Version information plays an important role in spreadsheet understanding, maintaining and quality improving. However, end users rarely use version control tools to document spreadsheet version information. Thus, the spreadsheet version information is missing, and different versions of a spreadsheet coexist as individual and similar spreadsheets. Existing approaches try to recover spreadsheet version information through clustering these similar spreadsheets based on spreadsheet filenames or related email conversation.

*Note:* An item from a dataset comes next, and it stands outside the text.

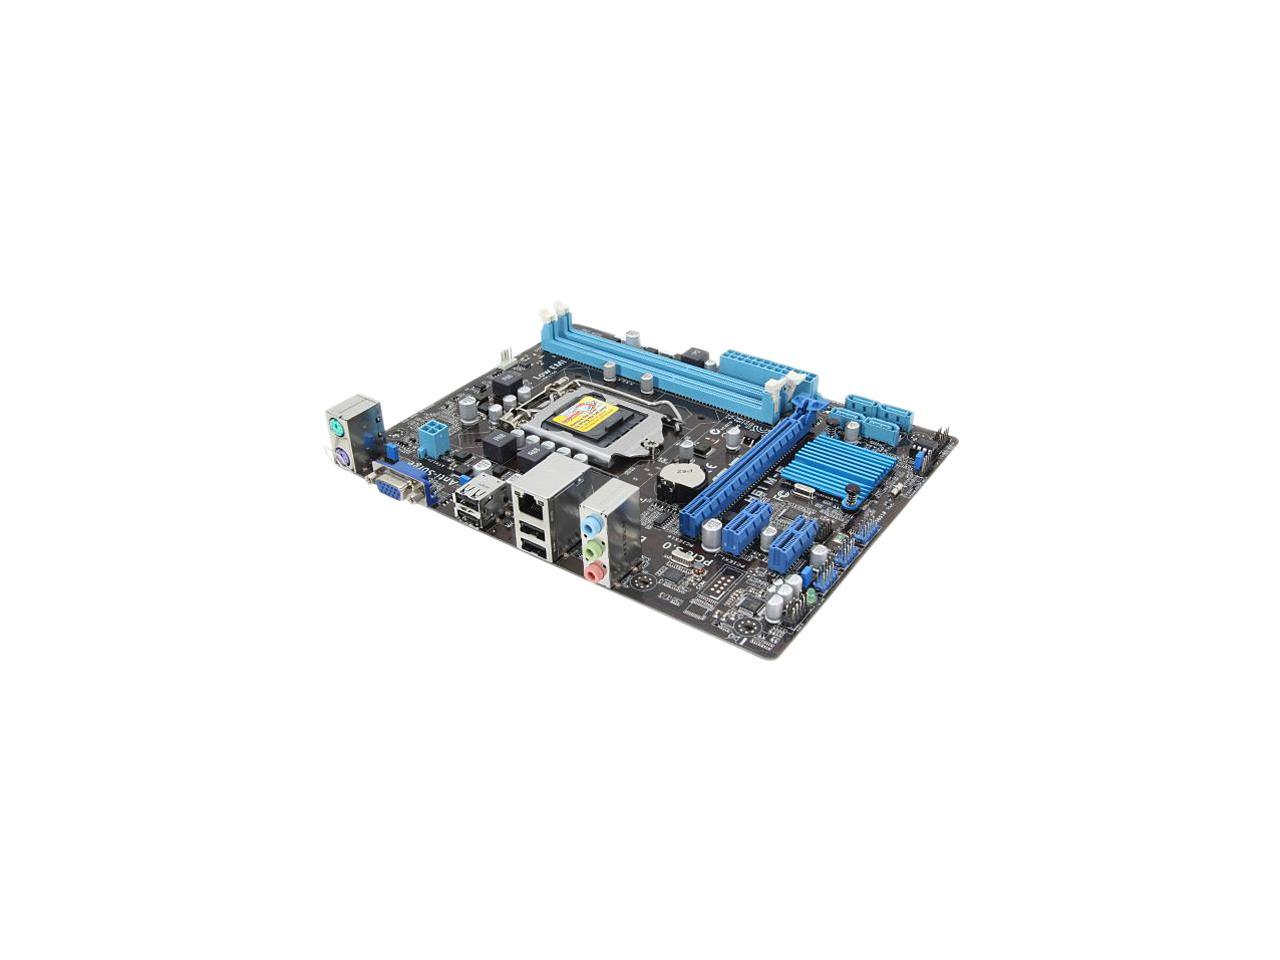 ASUS H61M-E LGA 1155 Intel H61 (B3) Micro ATX Intel Motherboard

However, the applicability and accuracy of existing clustering approaches are limited due to the necessary information (e.g., filenames and email conversation) is usually missing. We inspected the versioned spreadsheets in VEnron, which is extracted from the Enron Corporation. In VEnron, the different versions of a spreadsheet are clustered into an evolution group. We observed that the versioned spreadsheets in each evolution group exhibit certain common features (e.g., similar table headers and worksheet names). Based on this observation, we proposed an automatic clustering algorithm, SpreadCluster. SpreadCluster learns the criteria of features from the versioned spreadsheets in VEnron, and then automatically clusters spreadsheets with the similar features into the same evolution group. We applied SpreadCluster on all spreadsheets in the Enron corpus. The evaluation result shows that SpreadCluster could cluster spreadsheets with higher precision and recall rate than the filename-based approach used by VEnron. Based on the clustering result by SpreadCluster, we further created a new versioned spreadsheet corpus VEnron2, which is much bigger than VEnron. We also applied SpreadCluster on the other two spreadsheet corpora FUSE and EUSES. The results show that SpreadCluster can cluster the versioned spreadsheets in these two corpora with high precision.